Business owners in Little Tokyo
appear to be pleased with a new fully underground alignment for the Downtown Regional Connector. While the previous underground options wouldn't have been the death knell for Little Tokyo that some business owners feared, the new
alignment option appears to be a good one for the dense downtown area, despite the $200 million added cost. To see what the new alignment looks like and some in-depth commentary, check out the
Transit Coalition Forums. (Transit advocate Gökhan Esirgen has
an even better idea for this connection.)
Weekly Transit eNewsletter
Tuesday, November 24, 2009
Volume 5, Issue 47
Welcome to The Transit Coalition weekly newsletter! Our organization participates in meetings with key decision makers and community leaders. Our goal is to keep you informed on the latest developments in the transportation scene across Southern California.

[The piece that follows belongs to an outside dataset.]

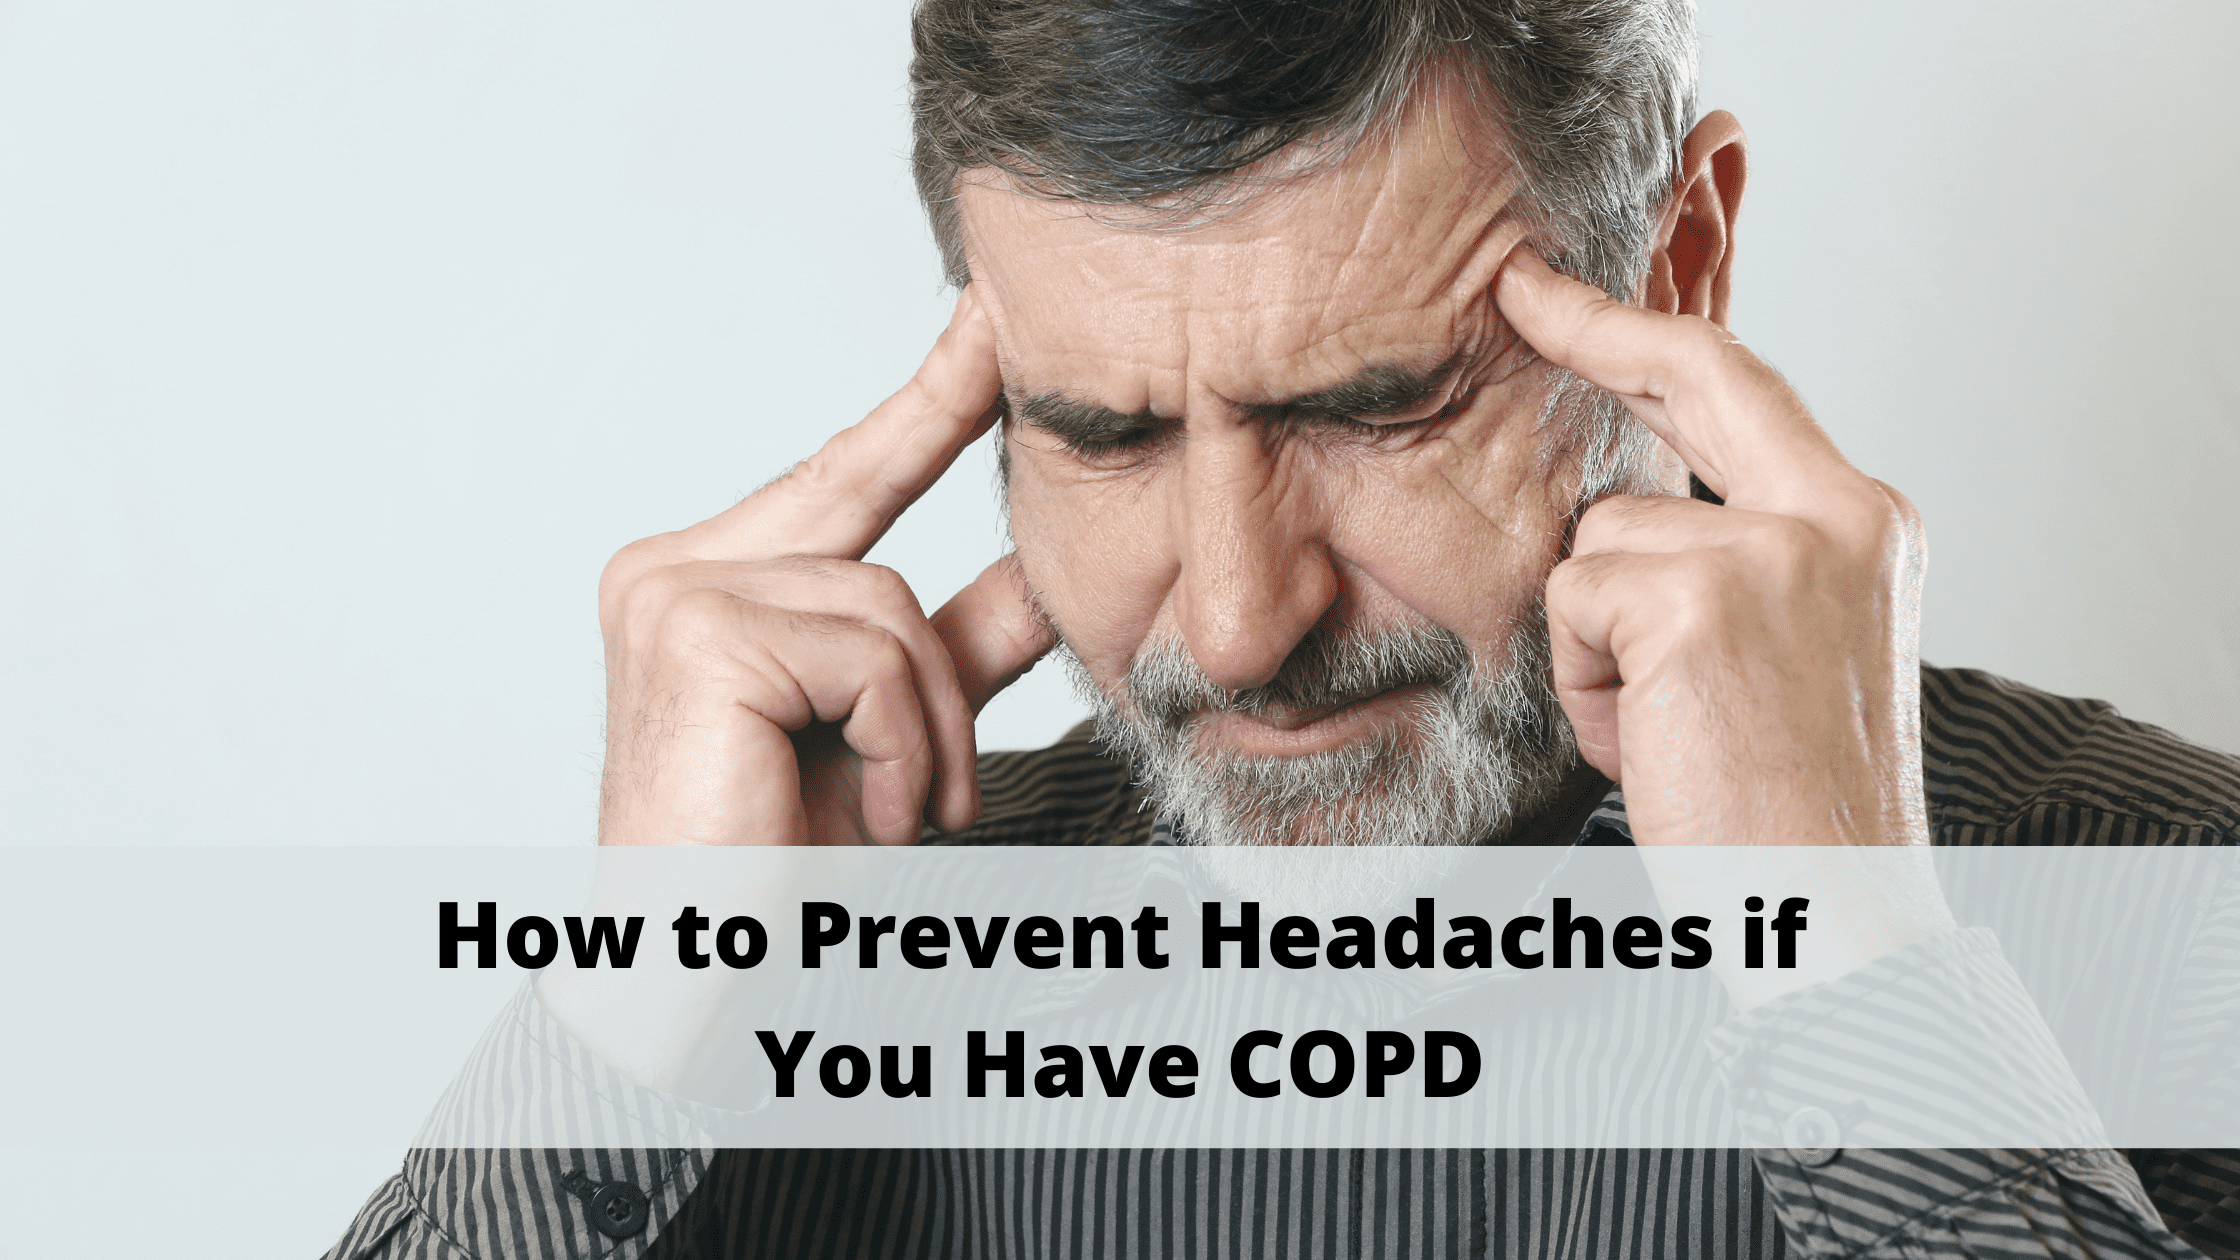 How to Prevent Headaches if You Have COPD

We Happy Few, We Band of Brothers: Next Wednesday is our monthly Transit Coalition dinner meeting, featuring
OCTA CEO Will Kempton. See
Upcoming Events below for details.
In recent years, Metrolink has had to cope with mechanical problems due to its aging locomotive fleet. Today, even though the commuter rail agency has gotten its hand on new locomotives, Metrolink mechanics
can't seem to catch a break. Surprisingly, the new locomotives appear to be even more problematic than the older ones. Fortunately, the new locomotive fleet is still under warranty and the manufacturer, Motive Power, is required to
make sure they run properly.
As riders complain about the lack of information surrounding delays that locomotive breakdowns cause, Metrolink is promising to install LCD displays at stations to help keep riders informed of any problems. In the interim, Metrolink
encourages riders to
follow them on Twitter, which actually works quite well.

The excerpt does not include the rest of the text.